INSTRUCTIONS FOR THE TASK:
Starting at the line that contains "DIY Toddler Cookie", write out every line to the end of the records below exactly, and leave out the pictures.

──────── EXERCISE DATA

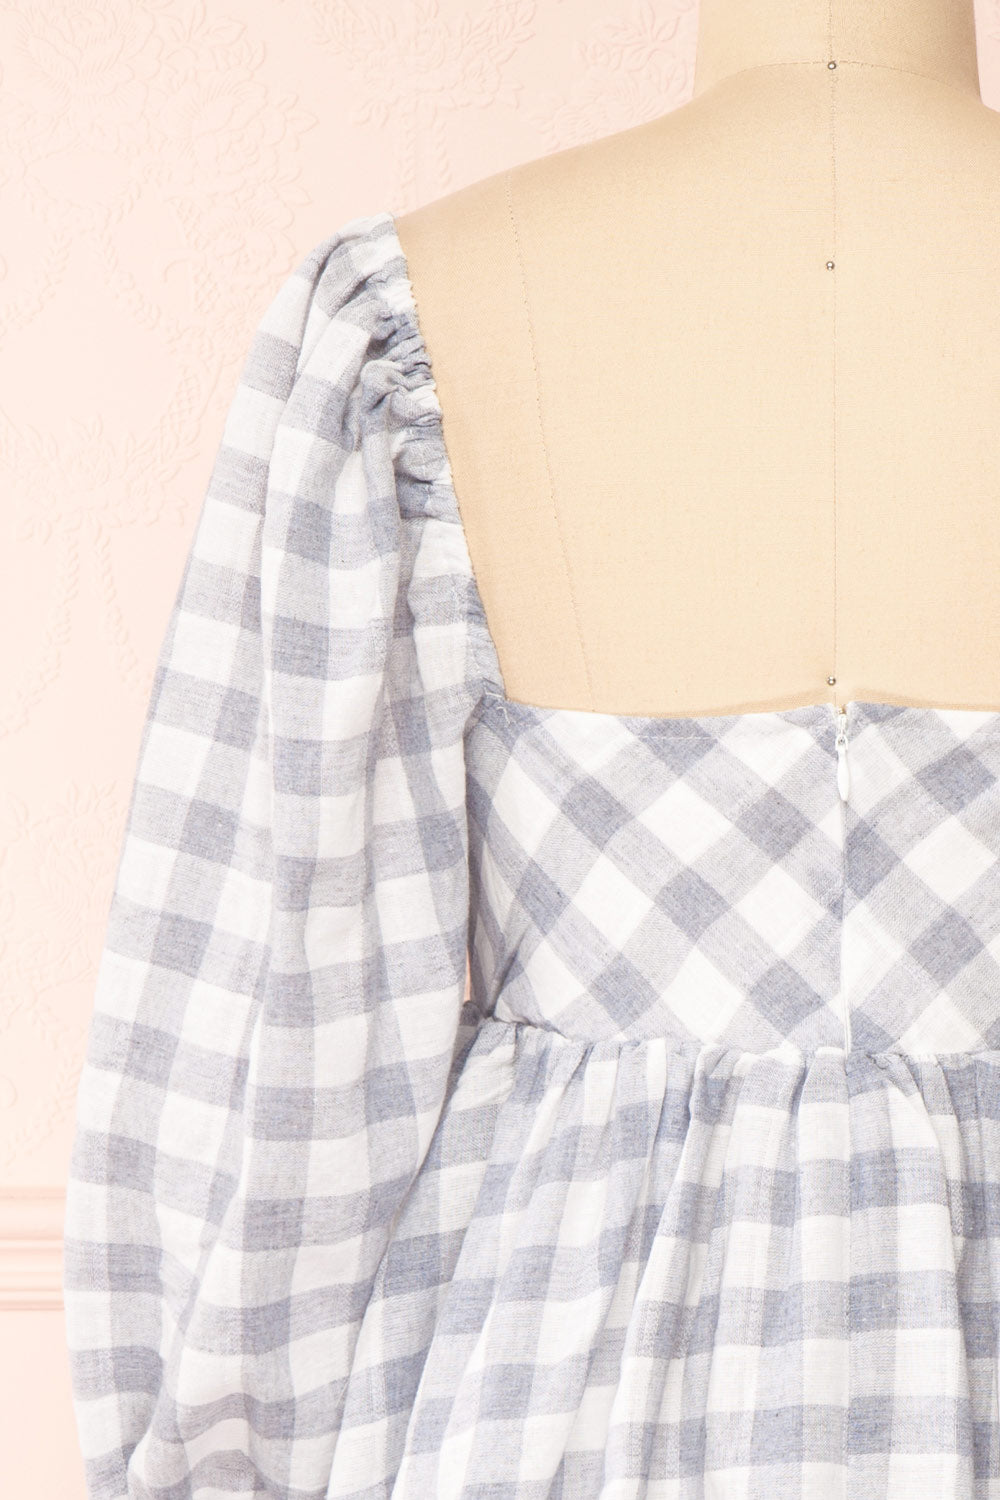 Conie Blue | Puffed Sleeves Short Checkered Dress back close-up
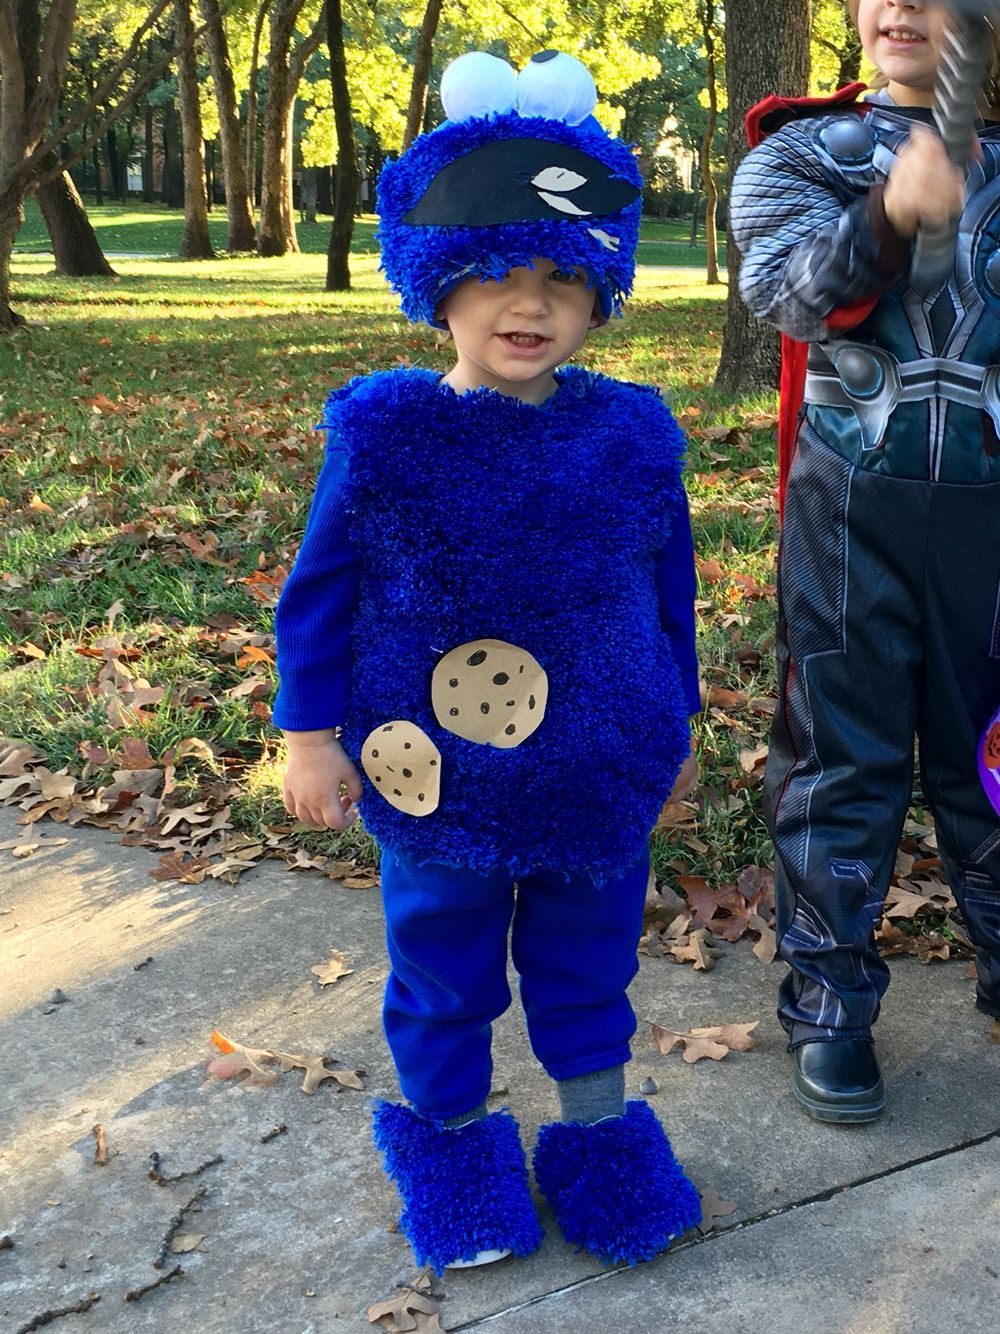 DIY Toddler Monster Costume
 DIY Toddler Cookie Monster Costume made with blue sweat
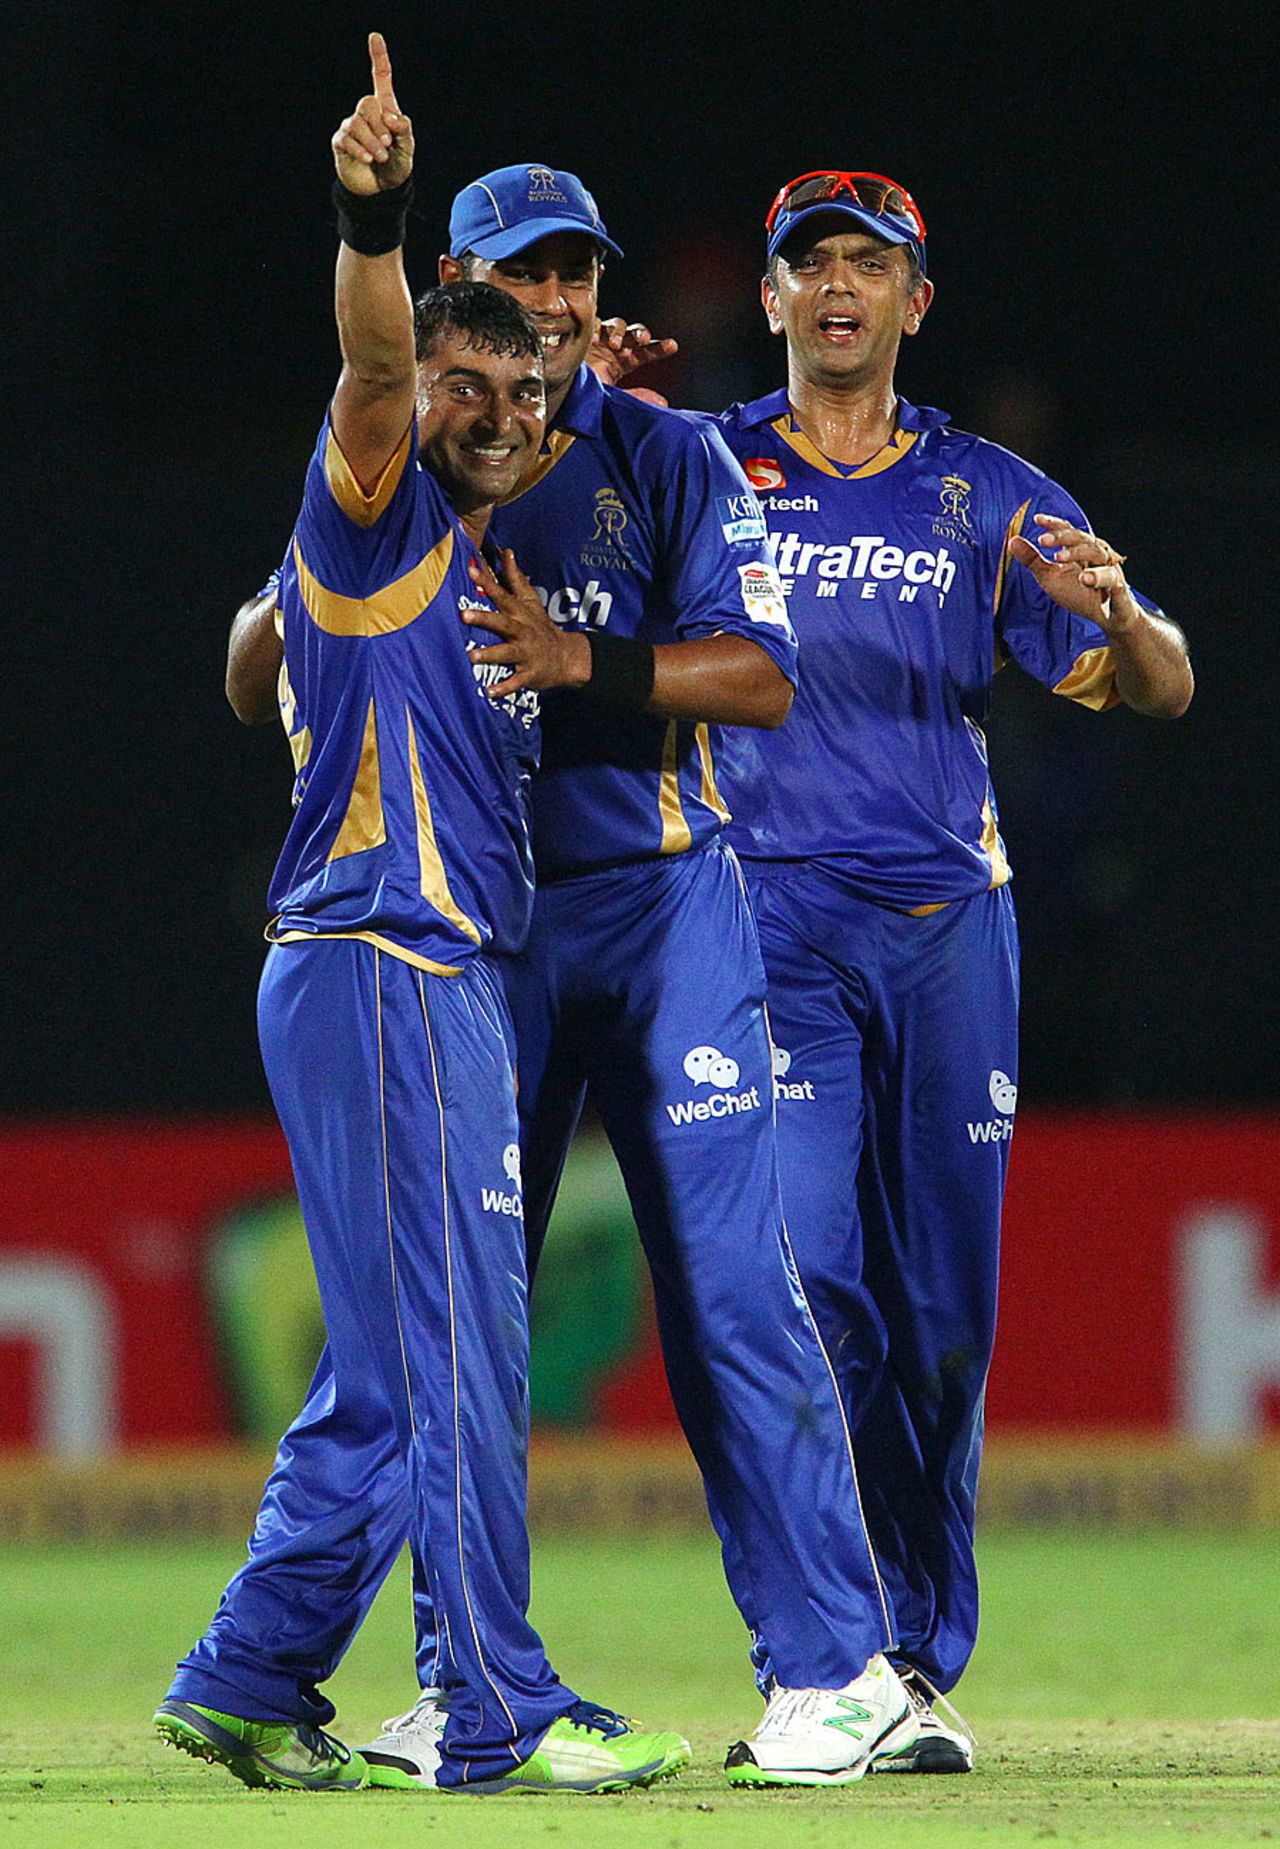 Pravin Tambe is the center of attention, Lions v Rajasthan Royals, Group A, Champions League 2013, Jaipur, September 25, 2013
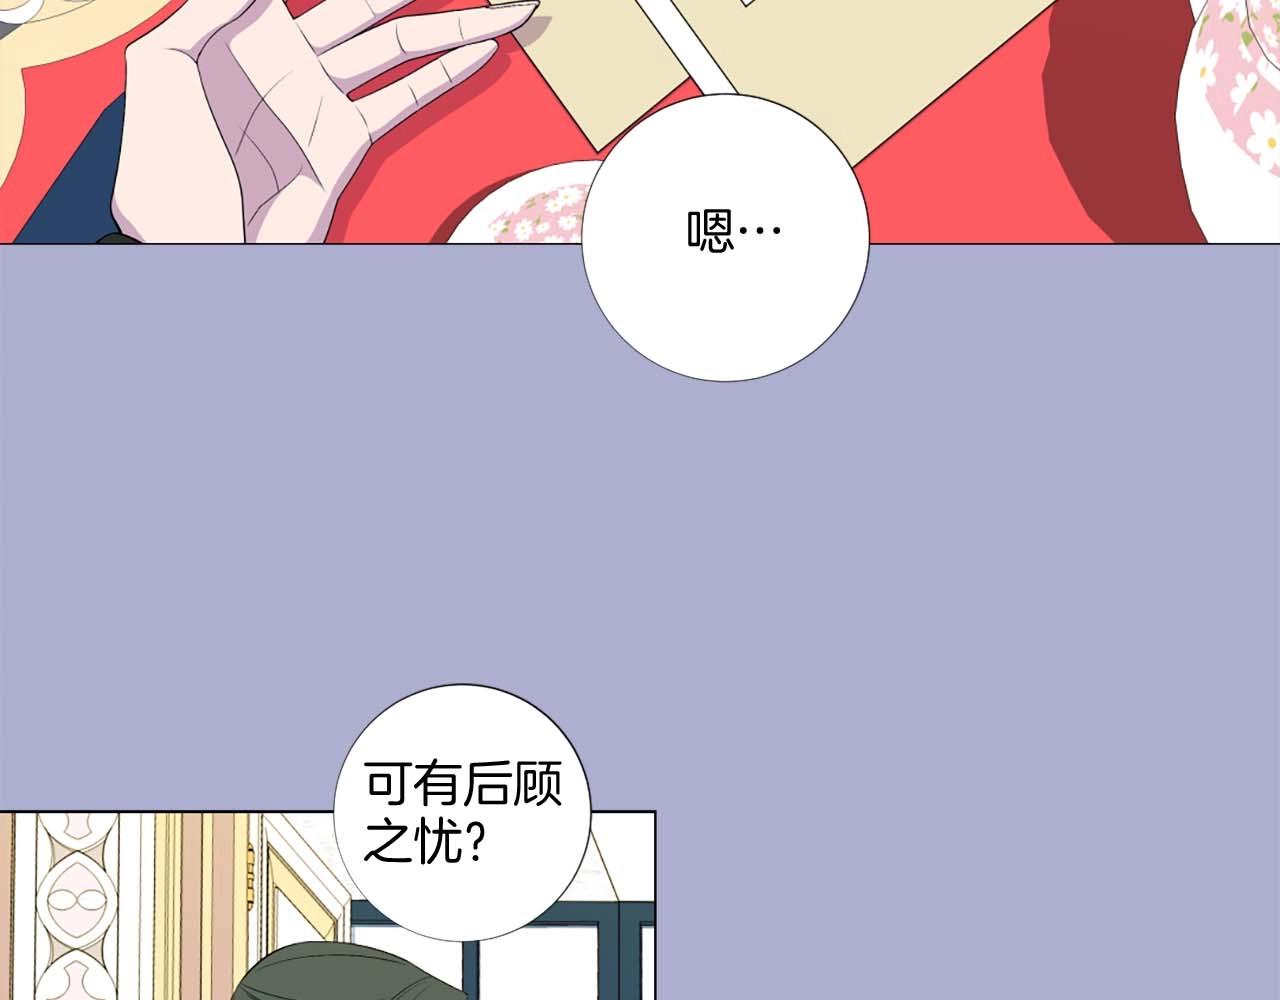 Lady to Queen-勝者爲後 - 第39話 證據確鑿！(2/3) - 6

────────────────

TASK SOLUTION:
 DIY Toddler Cookie Monster Costume made with blue sweat
 Pravin Tambe is the center of attention, Lions v Rajasthan Royals, Group A, Champions League 2013, Jaipur, September 25, 2013
 Lady to Queen-勝者爲後 - 第39話 證據確鑿！(2/3) - 6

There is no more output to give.